■ **Supplied data**
■ ■ ■
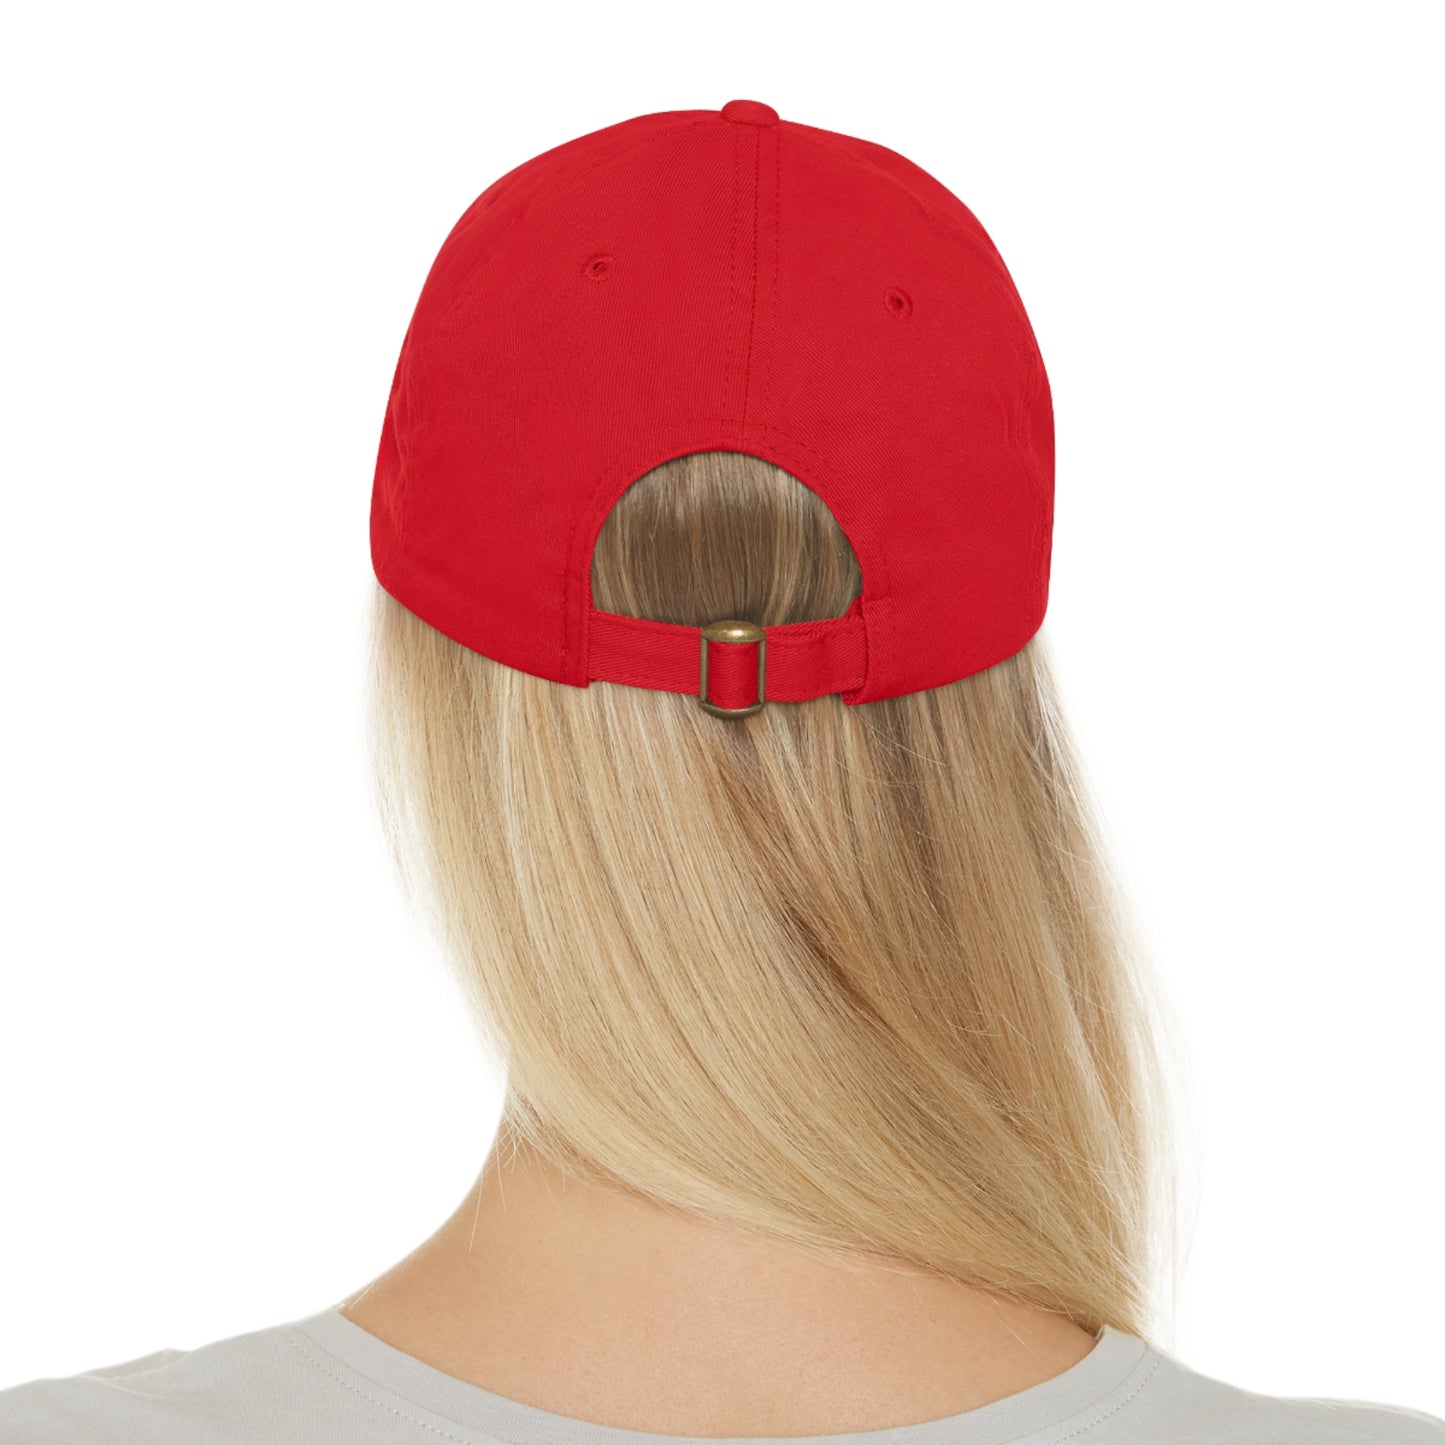 Camp SoberFest Dad Hat with Leather Patch (Round)
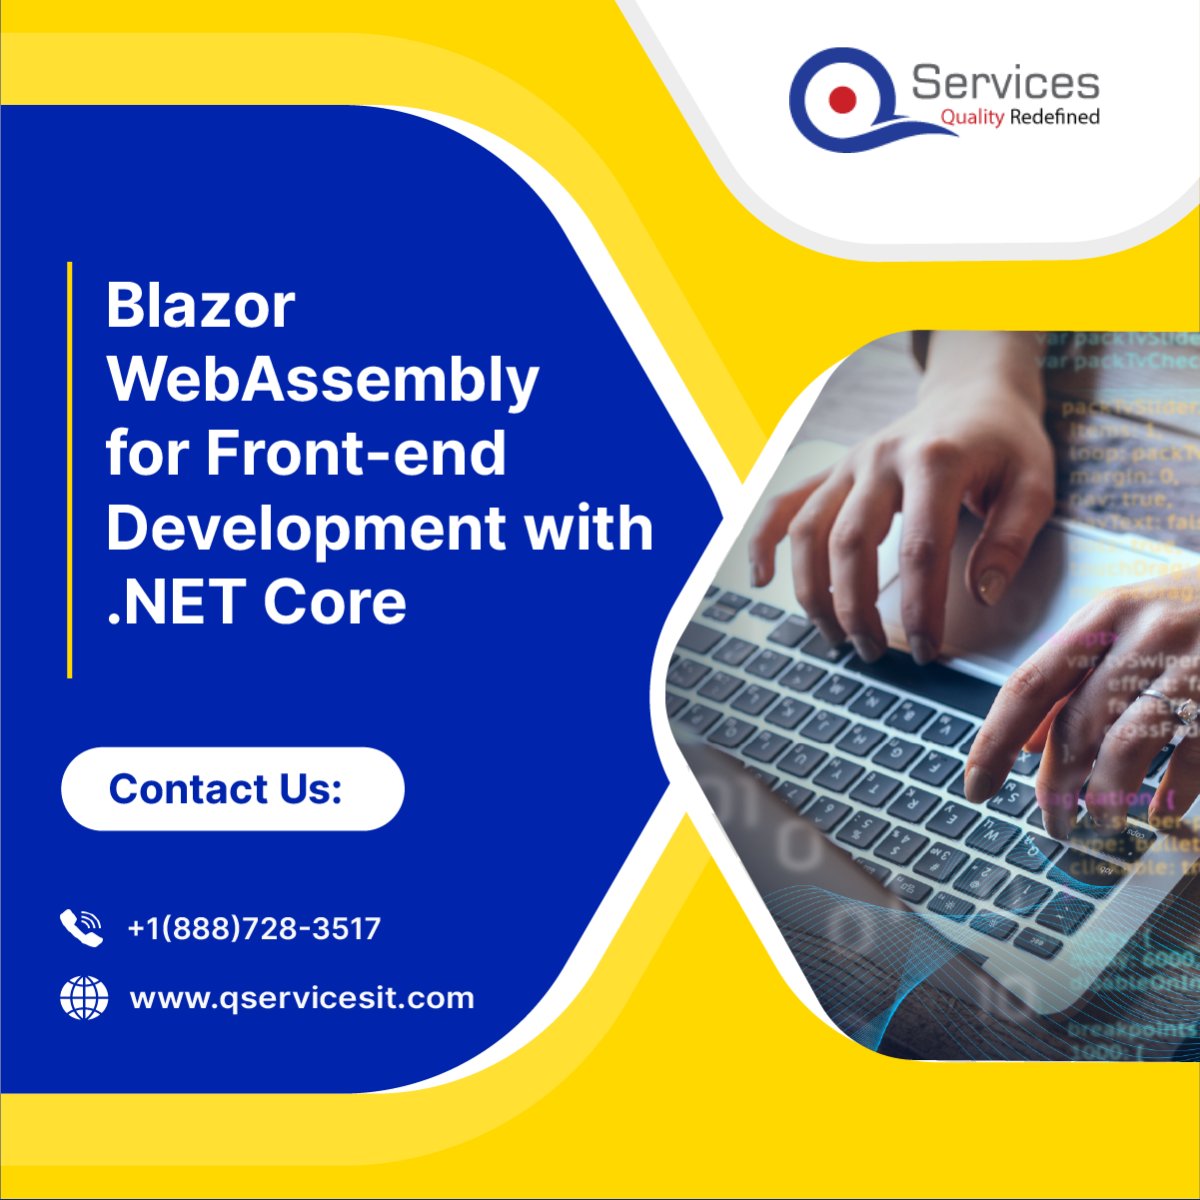 Blazor WebAssembly is a framework that allows developers to build interactive and dynamic web applications using .NET Core and C#. 

𝐅𝐨𝐫 𝐦𝐨𝐫𝐞 𝐢𝐧𝐟𝐨𝐫𝐦𝐚𝐭𝐢𝐨𝐧: qservicesit.com

#netcore #webassembly #webassemblydev #blazorassembly #netcore #QServices
■ ■ ■
■ **Exercise details**
Your task is to retype, exactly and only, the lines from the one with "𝐅𝐨𝐫 𝐦𝐨𝐫𝐞 𝐢𝐧𝐟𝐨𝐫𝐦𝐚𝐭𝐢𝐨𝐧: qservicesit.com" through the final line above.

■ **Task output**
𝐅𝐨𝐫 𝐦𝐨𝐫𝐞 𝐢𝐧𝐟𝐨𝐫𝐦𝐚𝐭𝐢𝐨𝐧: qservicesit.com

#netcore #webassembly #webassemblydev #blazorassembly #netcore #QServices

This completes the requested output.